PROVIDED DATA:
# # # #

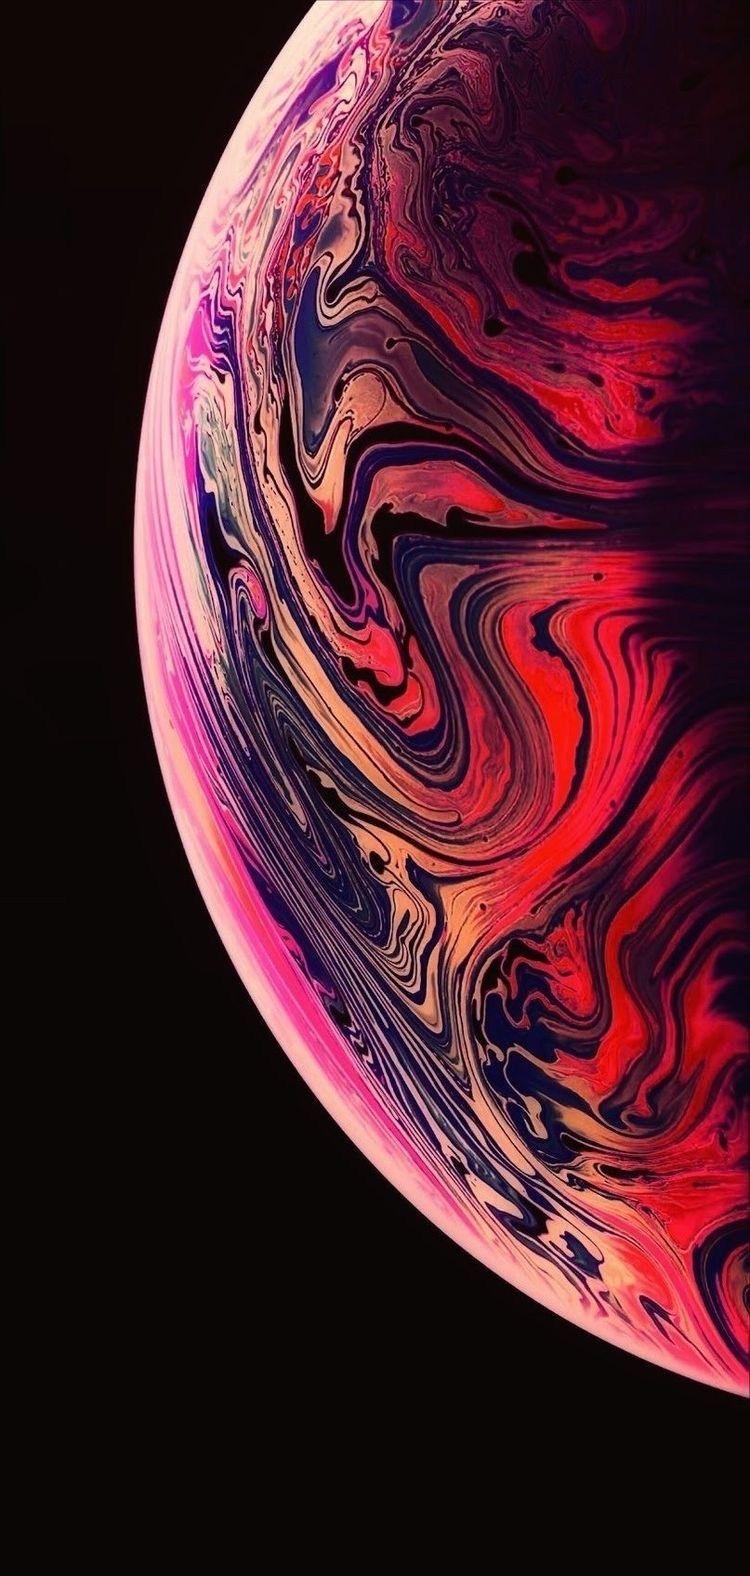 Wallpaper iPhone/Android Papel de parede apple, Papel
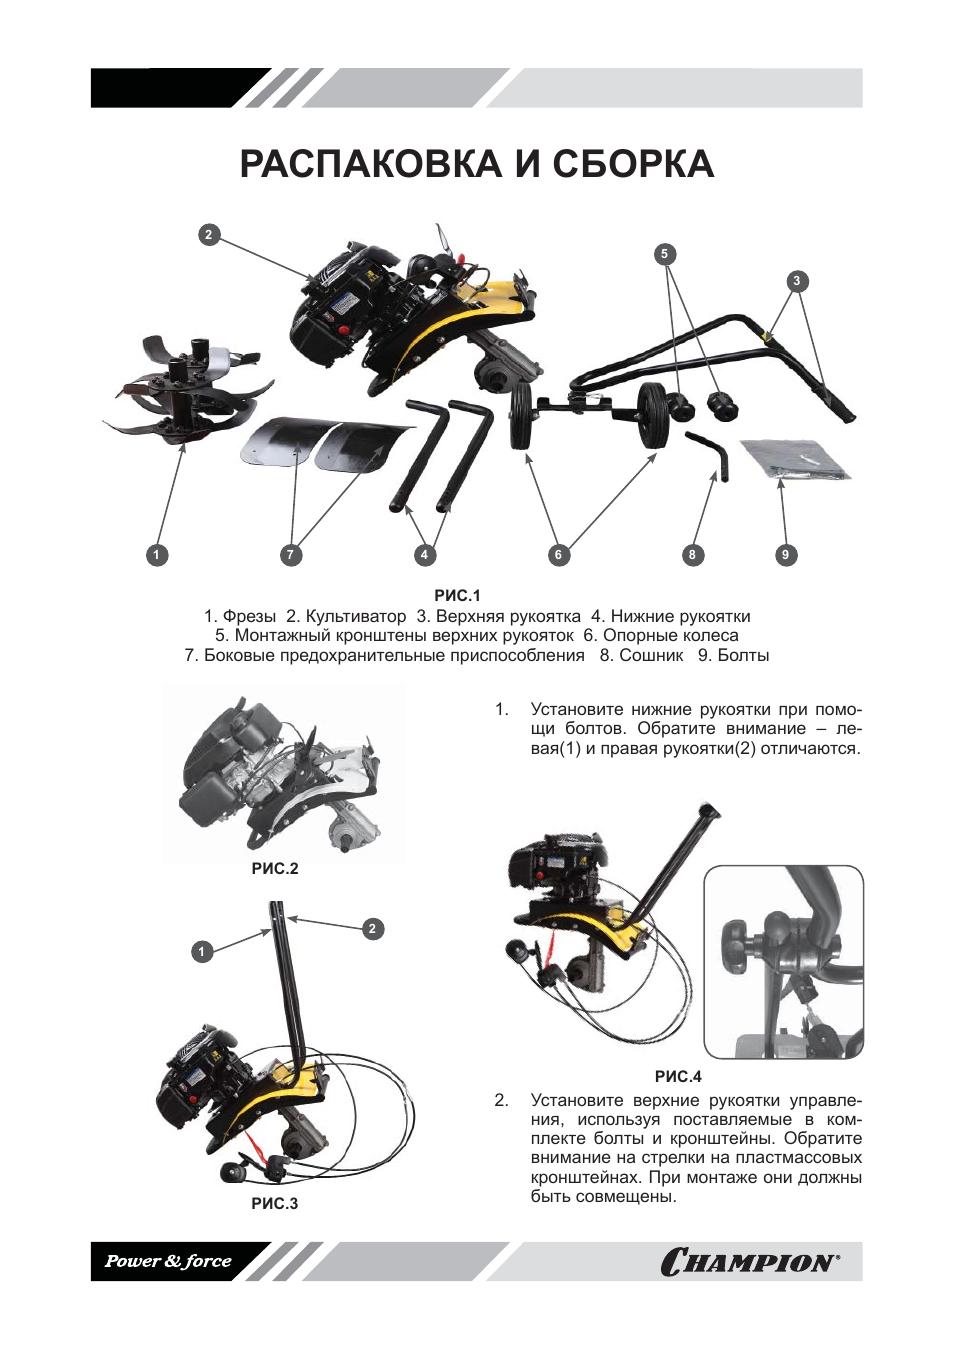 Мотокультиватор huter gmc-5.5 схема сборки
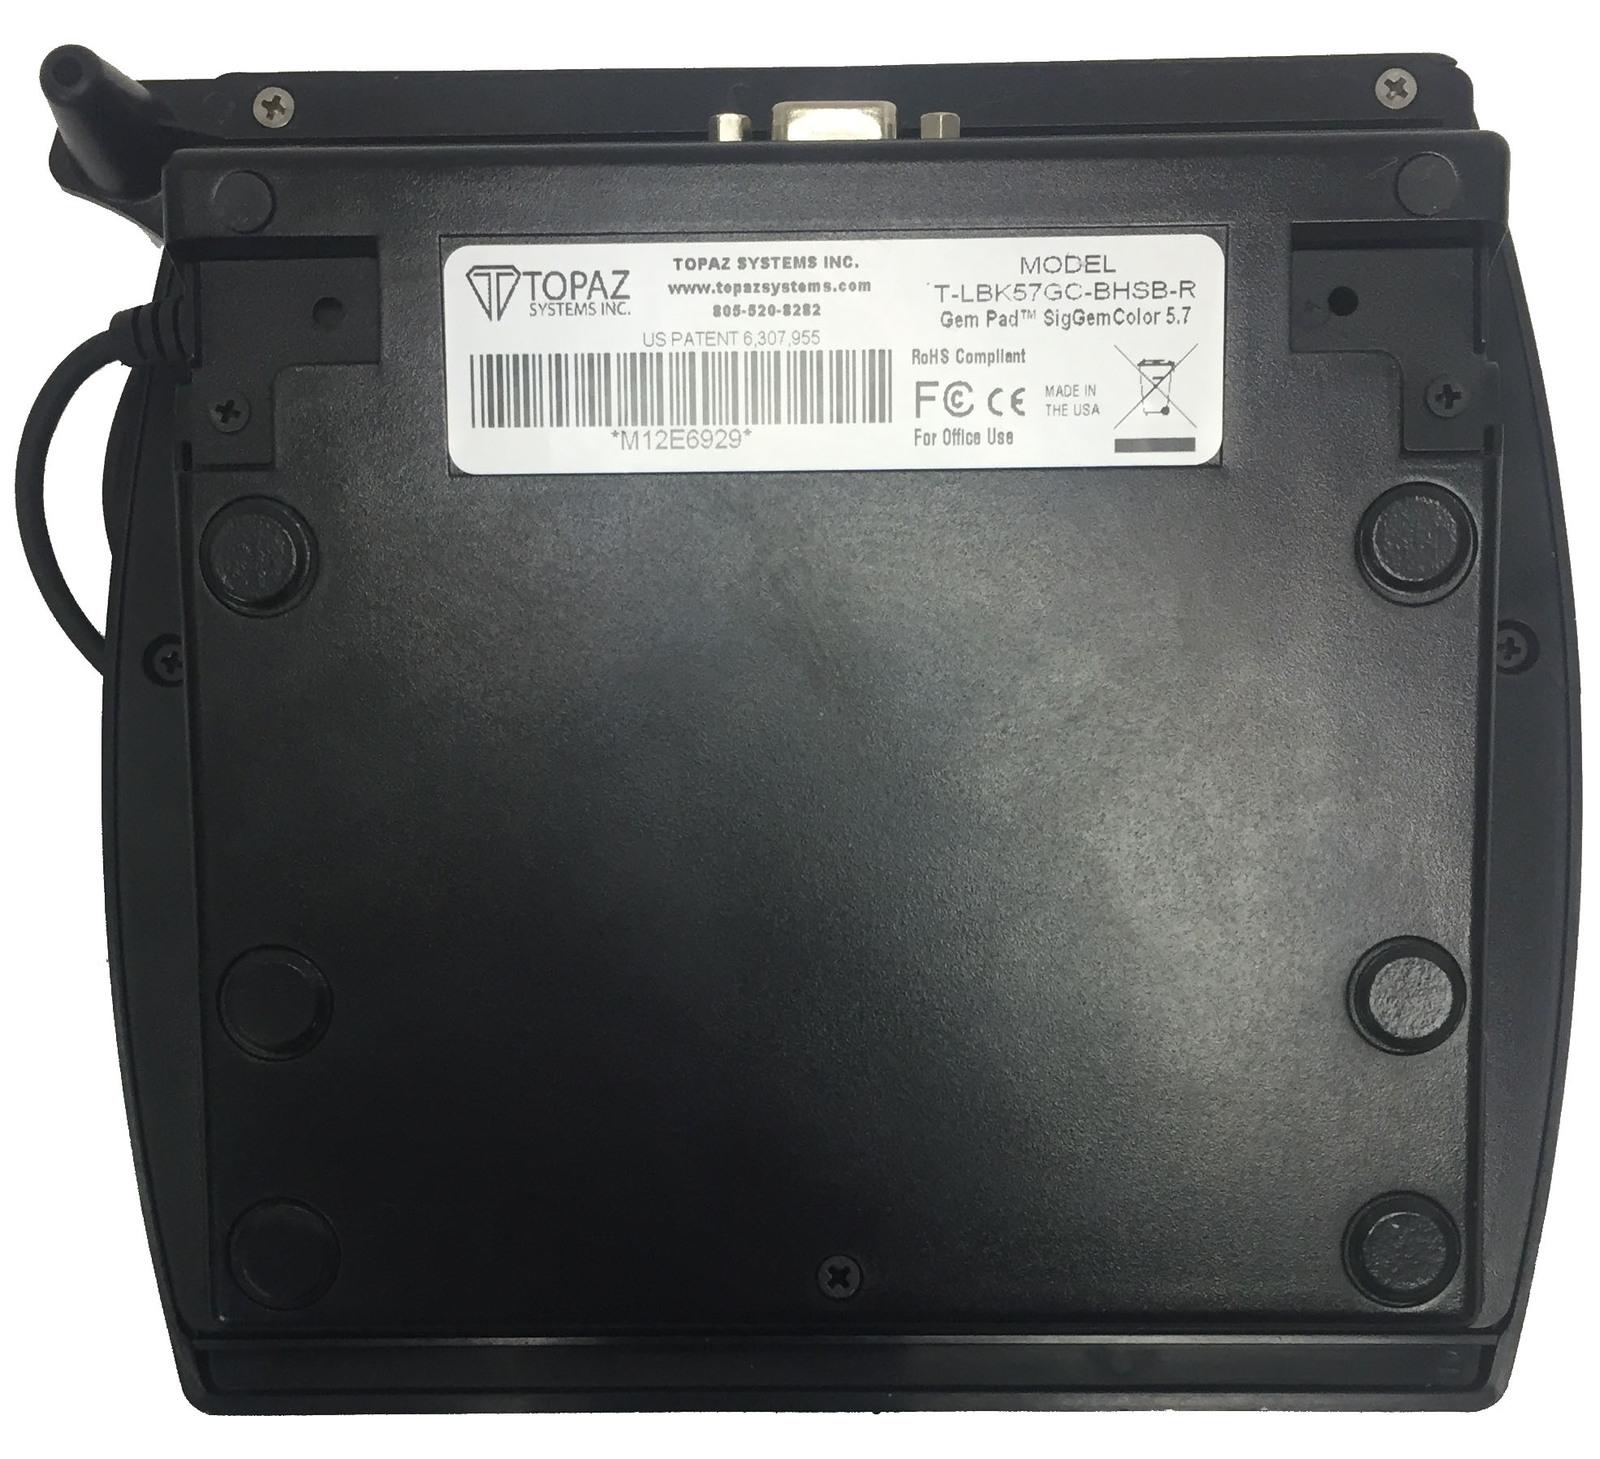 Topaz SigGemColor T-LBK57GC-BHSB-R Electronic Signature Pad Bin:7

# # # #

With images omitted, retype the data word for word.

RESPONSE BOX:
 Wallpaper iPhone/Android Papel de parede apple, Papel
 Мотокультиватор huter gmc-5.5 схема сборки
 Topaz SigGemColor T-LBK57GC-BHSB-R Electronic Signature Pad Bin:7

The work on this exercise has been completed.